The furnace already has bonded the gas system...just not well enough for CSST purposes

In your current setup, the gas piping (both CSST and black iron) is bonded to the electrical system via the equipment grounding conductor of the furnace. This is typical practice for black-iron systems, but isn't good enough for CSST, which needs a much lower resistance path to the rest of the grounding and bonding system to keep excessive amounts of lightning energy from flowing on the CSST, creating arcs and pinholes as it goes.

In particular, you need to run a 6AWG copper wire from a grounding clamp on the black iron (preferably on the manifold, or on the black iron run to the furnace if that isn't possible) to some point on the grounding electrode conductor system that is within 75' of the bonding point.
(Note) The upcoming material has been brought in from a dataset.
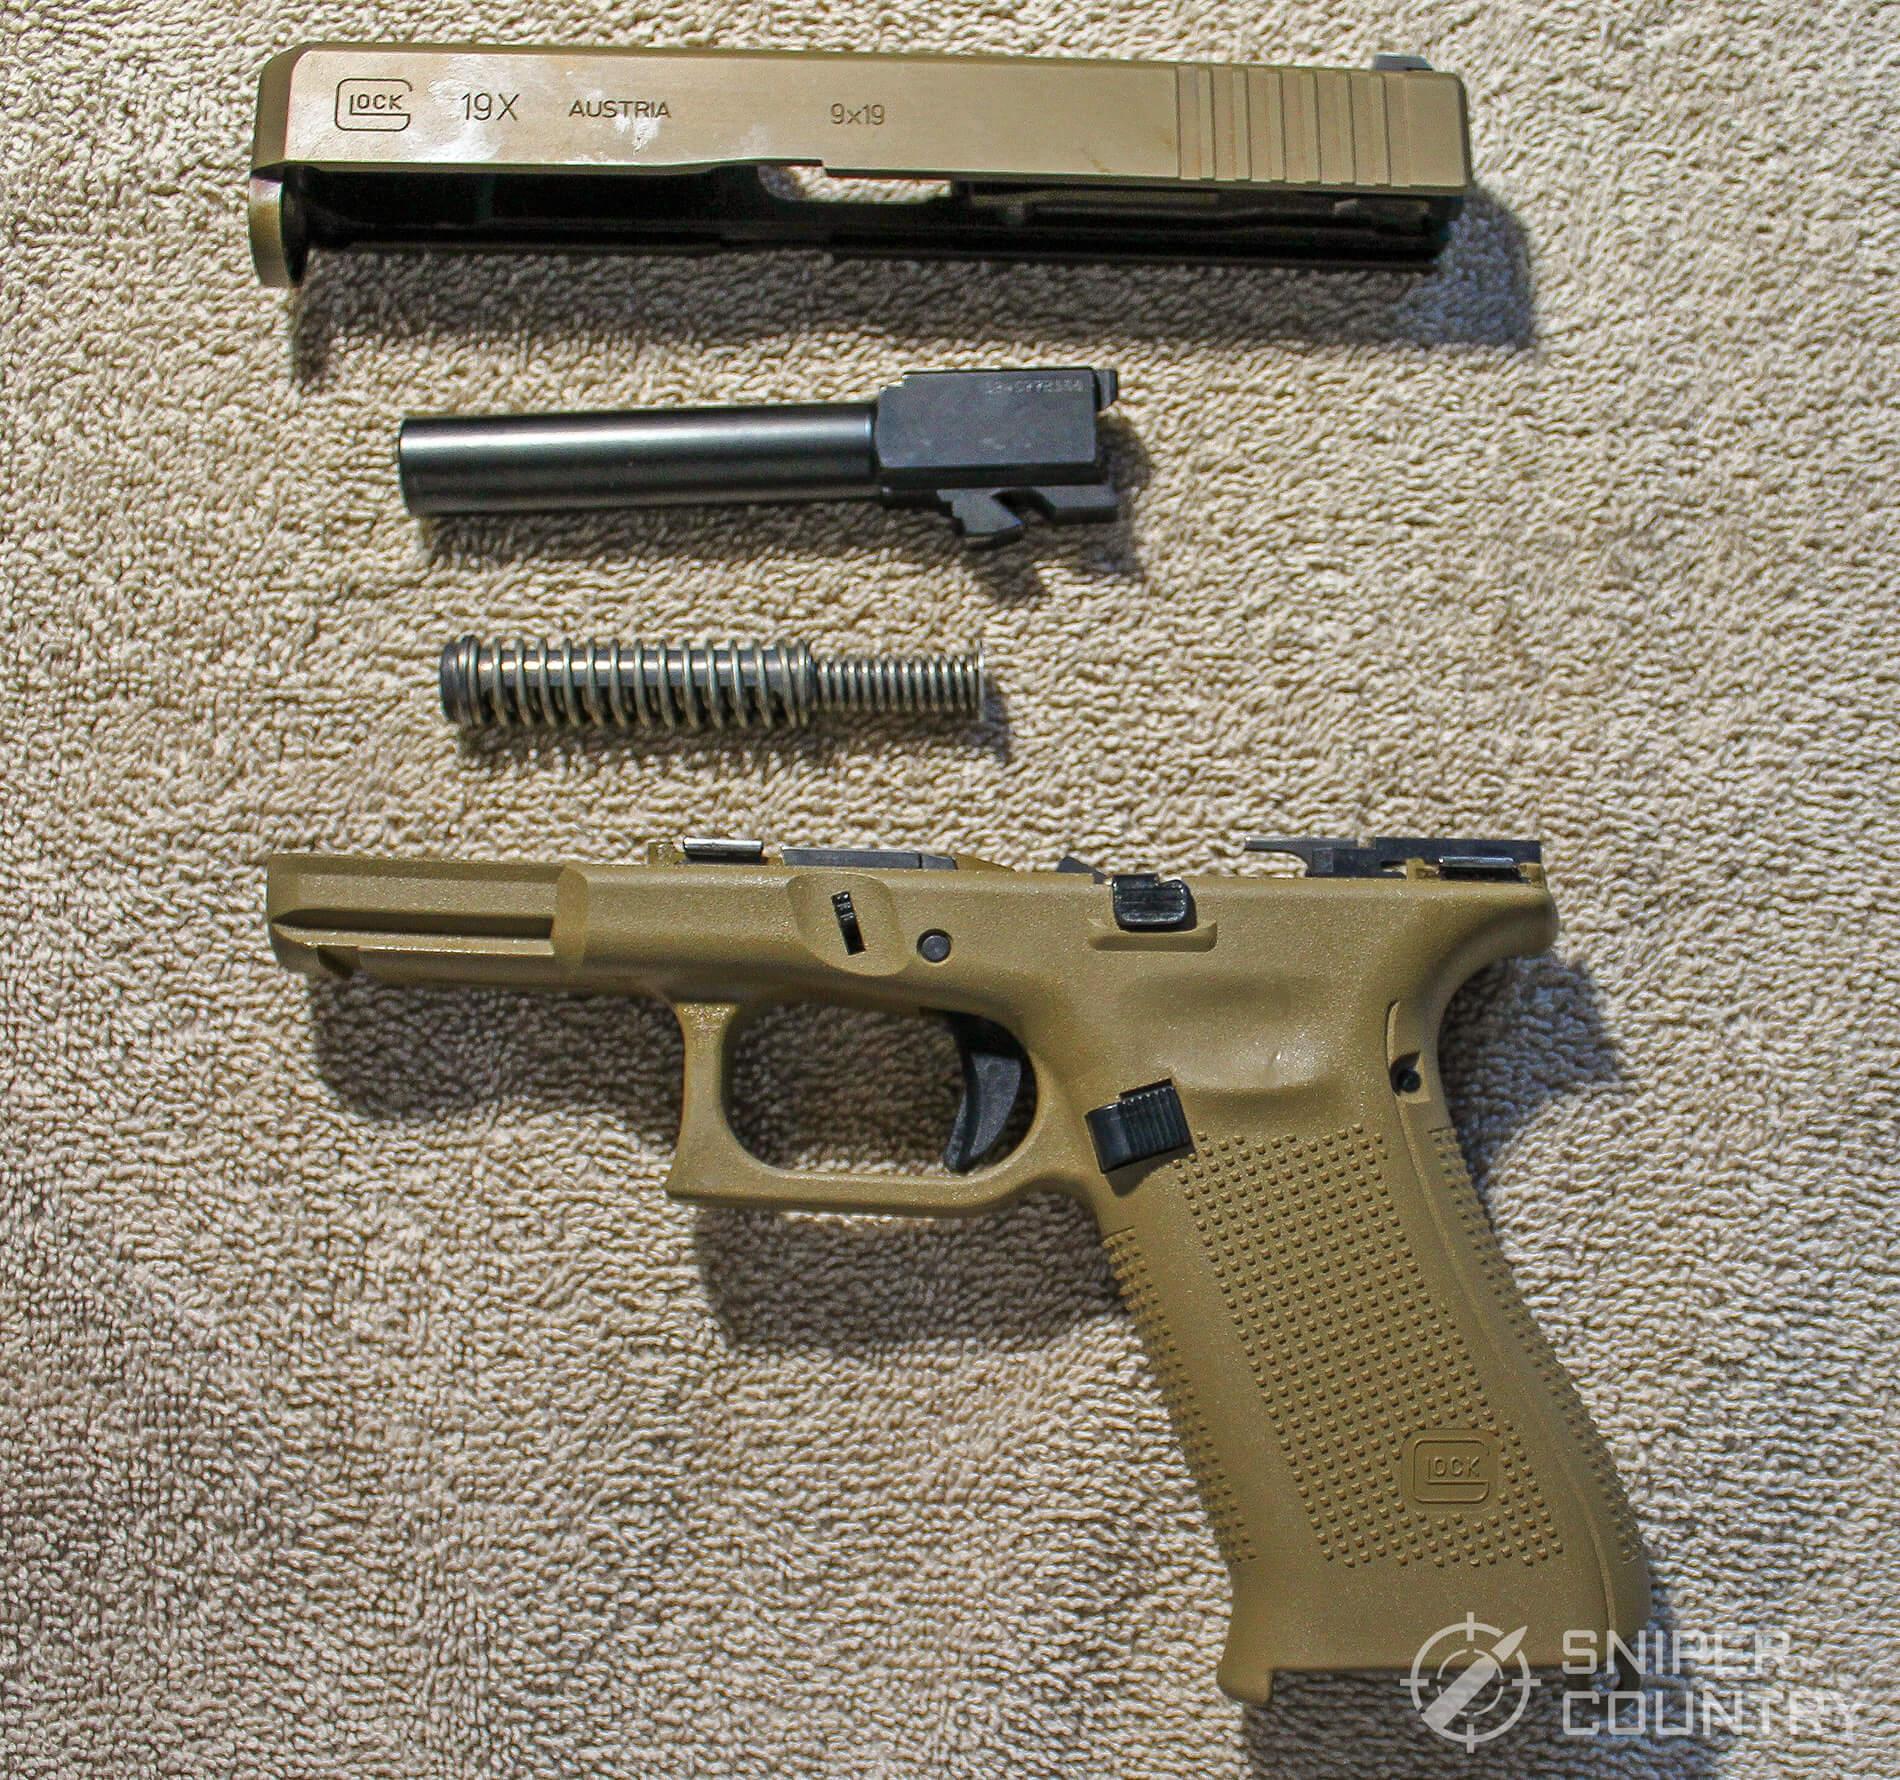 Glock G19X field stripped

This is set out in IRC G2411.2.1 thru 2.3 (aka IFGC 310.2.1 thru 2.3):

G2411.2.1 (310.2.1)Point of connection.

The bonding jumper shall connect to a metallic pipe, pipe fitting, or CSST fitting.

G2411.2.2 (310.2.2)Size and material of jumper.

The bonding jumper shall not be smaller than 6AWG copper wire or equivalent.

G2411.2.3 (310.2.3)Bonding jumper length.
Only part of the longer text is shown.